Some very dense and challenging text, beautifully performed, sometimes left my brain racing unsuccessfully to keep up with the cocktail of longing, pain and unrealisable dreams.
The production was billed as a comedy, but frankly it is far from being a feelgood play, despite some irresistible laughs here and there.
It is, however, a tale which reminds one of how lucky one is not to have lived out the decades we are allowed on this planet in such stultifyingly confined surroundings as these, imposed by what was, at the time of the sisters’ youthful memories, a strictly Roman Catholic and over-moralising society.

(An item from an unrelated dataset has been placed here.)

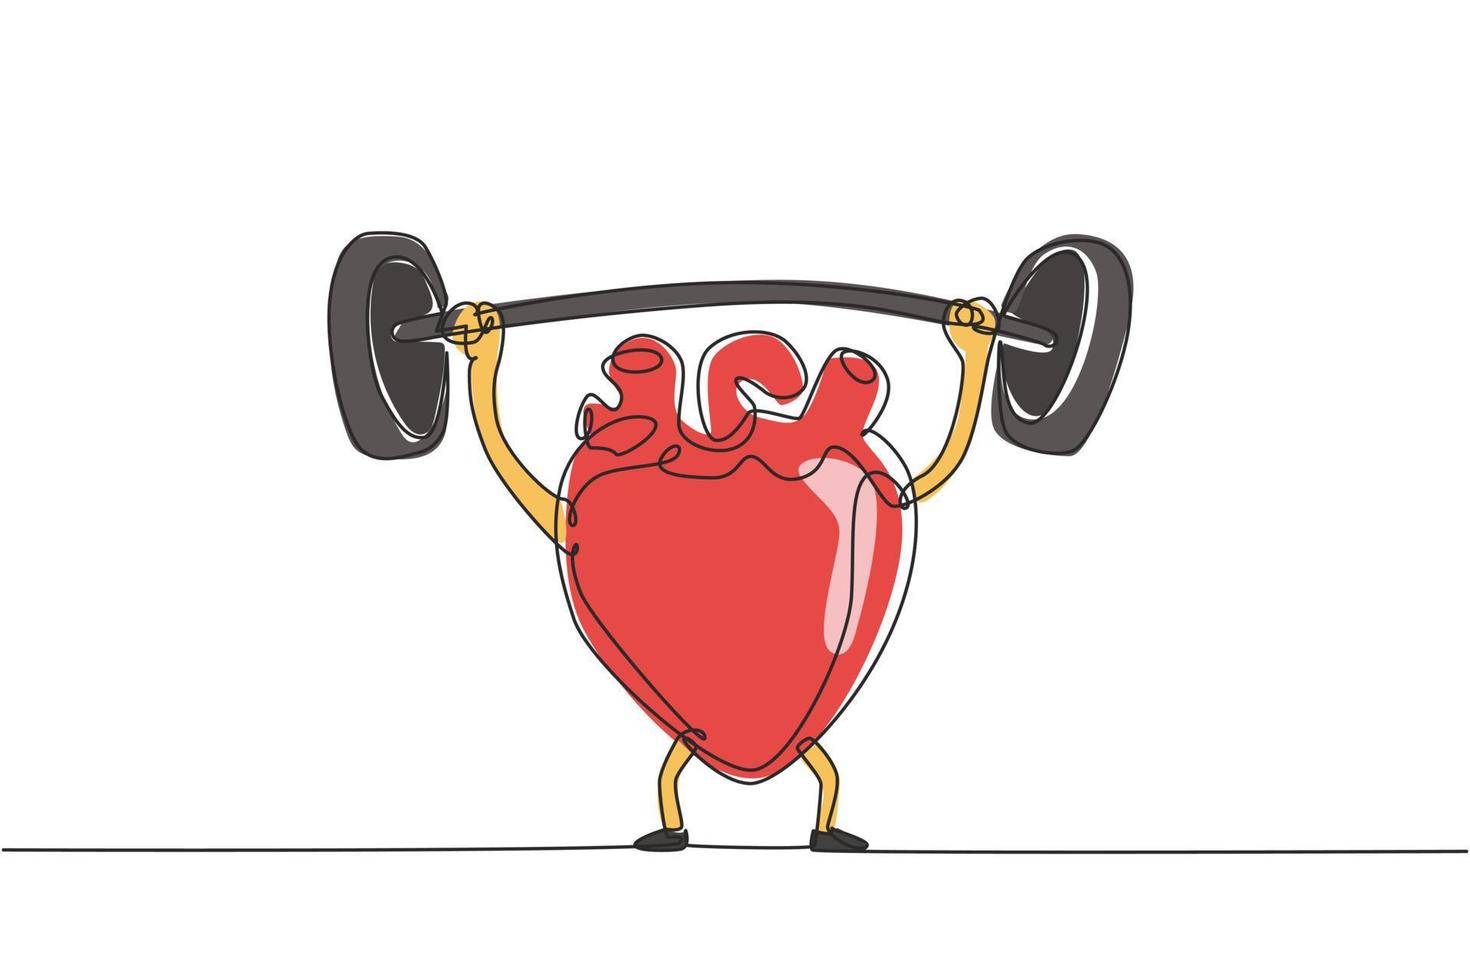 kontinuerlig en rad ritning sport fitness design koncept av mänskligt hjärta organ gör övningar med skivstång. friskt hjärta visar styrka genom att lyfta tung skivstång. enda rad rita design vektor

Empathetic and convincing performances by Vivien Kerr, Barbara Gardiner, Samantha Powell and James Moore drew us inexorably into the sisters’ memories and pain, the visiting fishmonger’s male vulnerability, and ultimately into the futility of dreaming that their circle of frustration could be broken.
Charles Compton’s sensitive, economical direction gave the actors the space they needed to develop and express difficult characters, framed in a set with just enough furniture and props to locate us in time and place, without cluttering our minds with unnecessary detail.
It can hardly go unnoticed that this is another play about ‘Three Sisters’ – but whereas Chekhov’s lasses look forward in vain to returning to Moscow, these sadder, older maids can only gaze backwards at what might have been.
This morning I sensed that I might find myself thinking back through this haunting, sometimes poetic, sometimes shockingly and deliberately banal story, for some time to come.